Within the entries below, please retype exactly the lines starting with the line that has "Henley on Thames, UK." and going on through the line that has "A blond boy", but not the pictures.

Available records>
*** Begin section ***
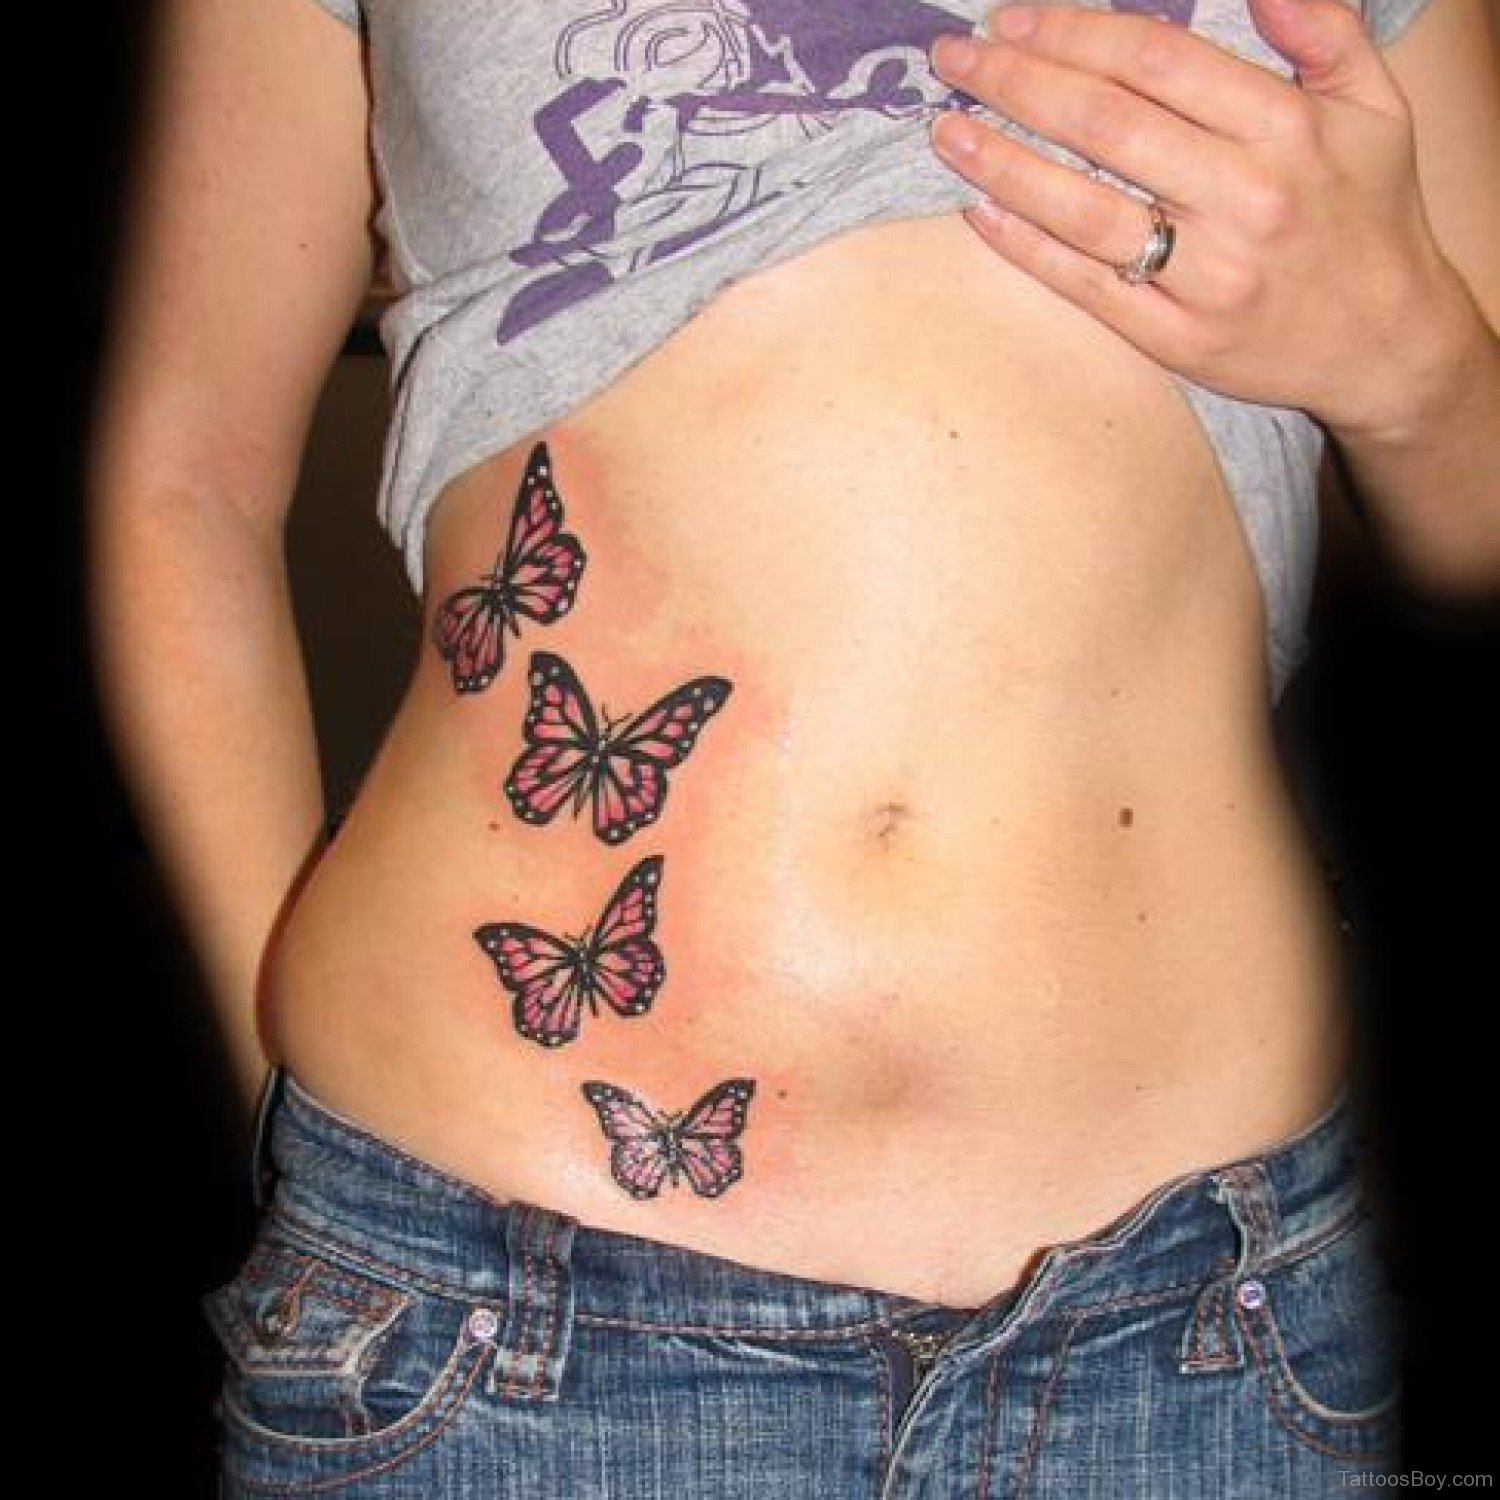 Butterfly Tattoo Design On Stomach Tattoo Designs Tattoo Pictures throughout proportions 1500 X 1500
*** End section ***
*** Begin section ***
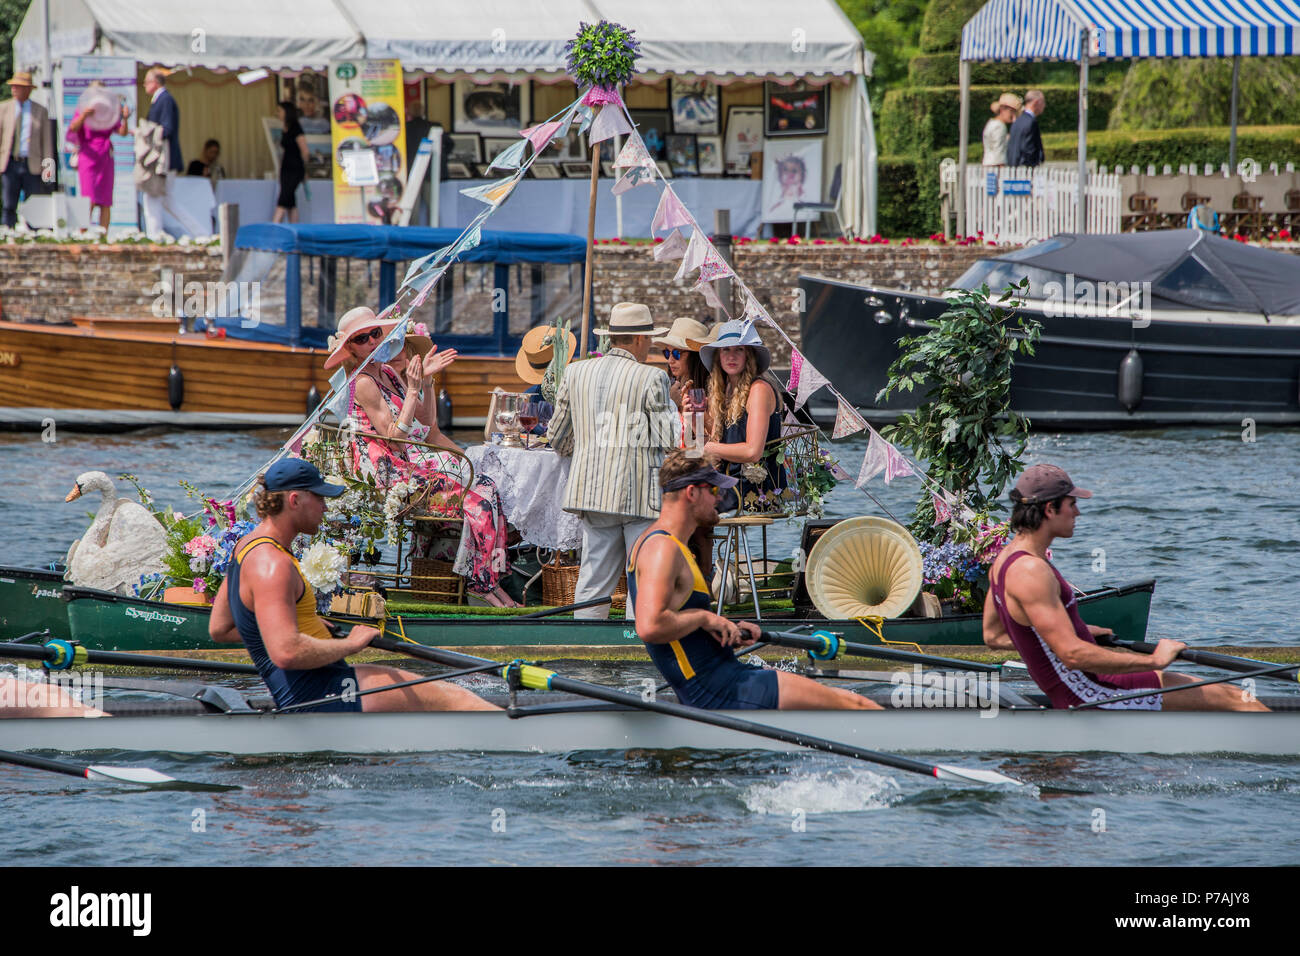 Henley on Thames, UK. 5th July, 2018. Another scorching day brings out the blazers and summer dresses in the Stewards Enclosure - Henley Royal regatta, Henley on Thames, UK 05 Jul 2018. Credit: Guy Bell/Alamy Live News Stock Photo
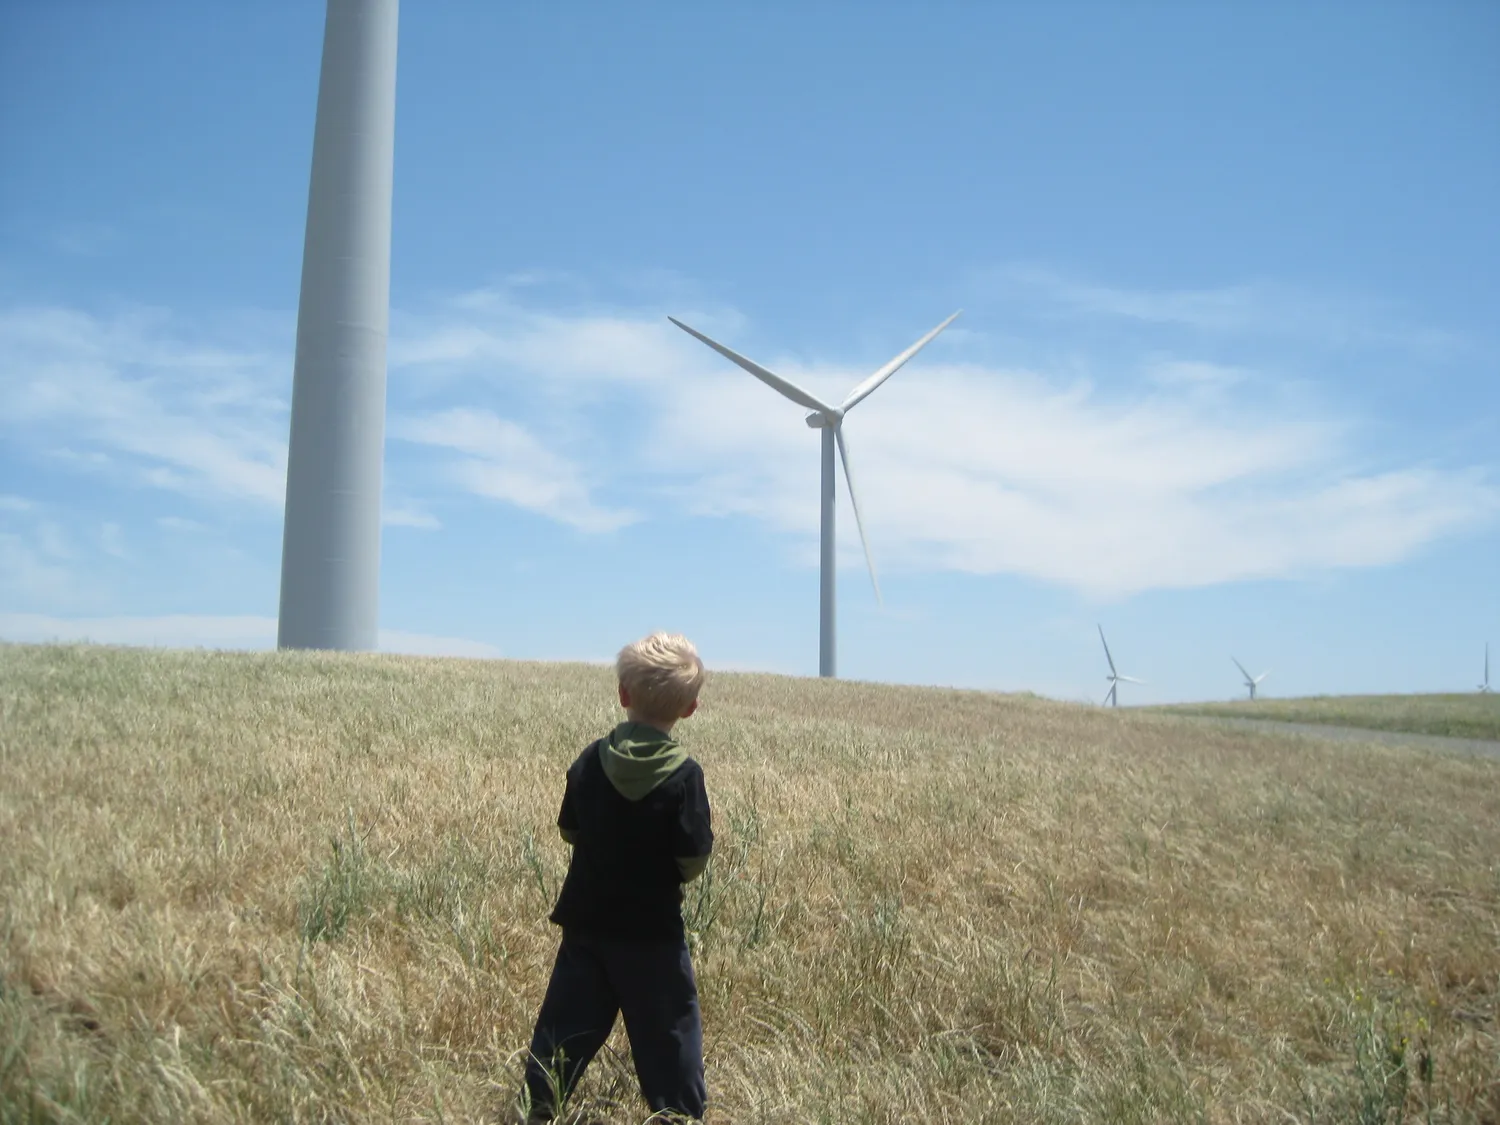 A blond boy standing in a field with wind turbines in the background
*** End section ***
*** Begin section ***
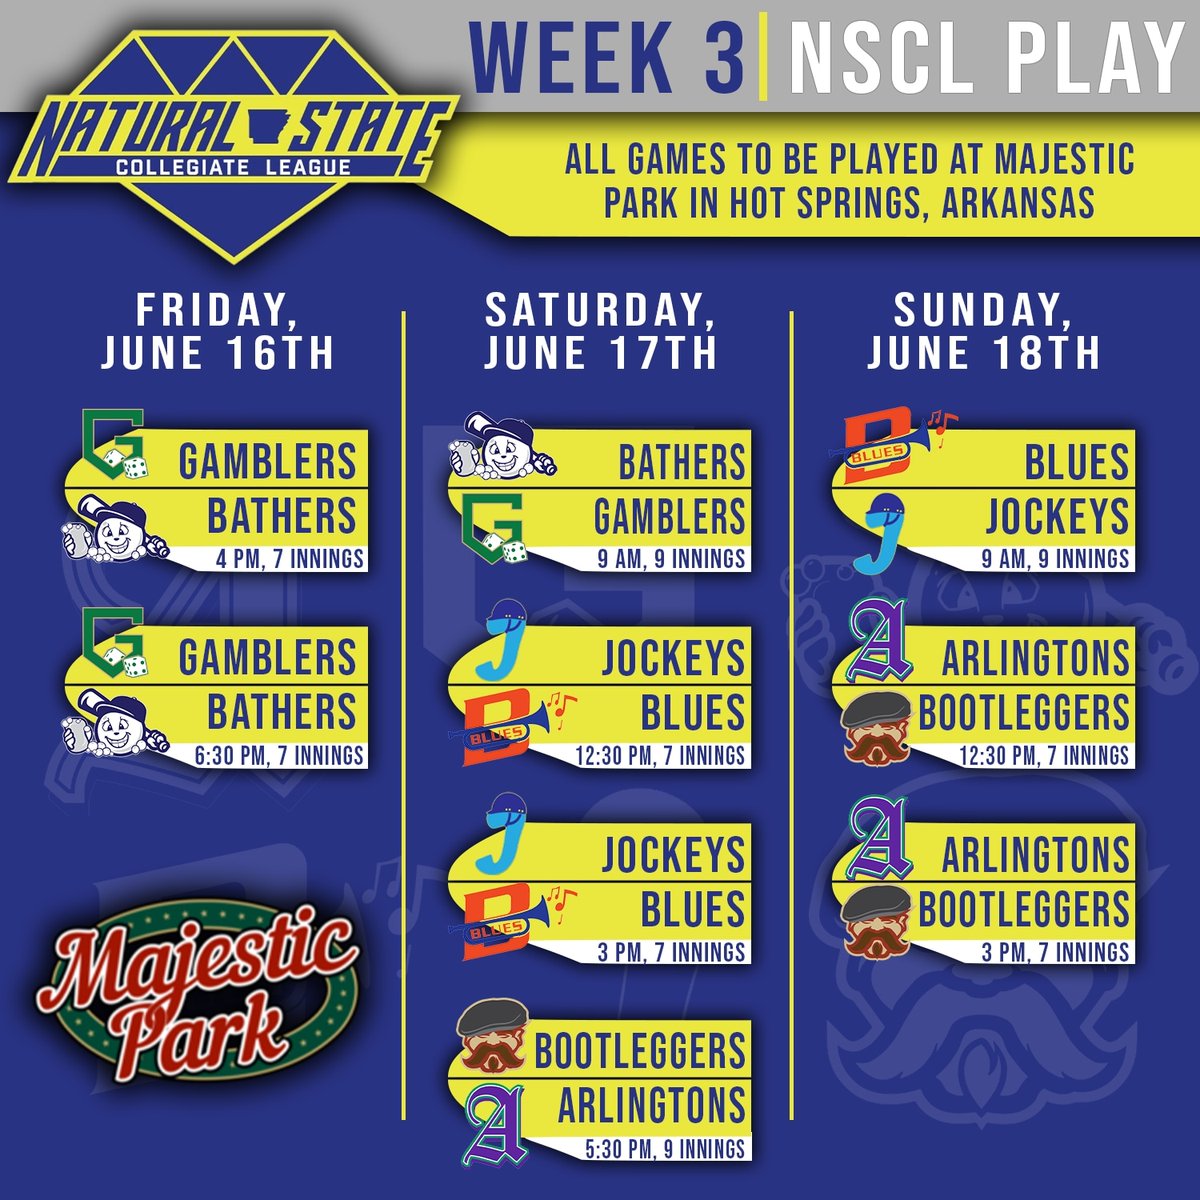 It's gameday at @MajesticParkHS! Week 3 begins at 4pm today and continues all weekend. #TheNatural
*** End section ***
Answer below>
 Henley on Thames, UK. 5th July, 2018. Another scorching day brings out the blazers and summer dresses in the Stewards Enclosure - Henley Royal regatta, Henley on Thames, UK 05 Jul 2018. Credit: Guy Bell/Alamy Live News Stock Photo
 A blond boy standing in a field with wind turbines in the background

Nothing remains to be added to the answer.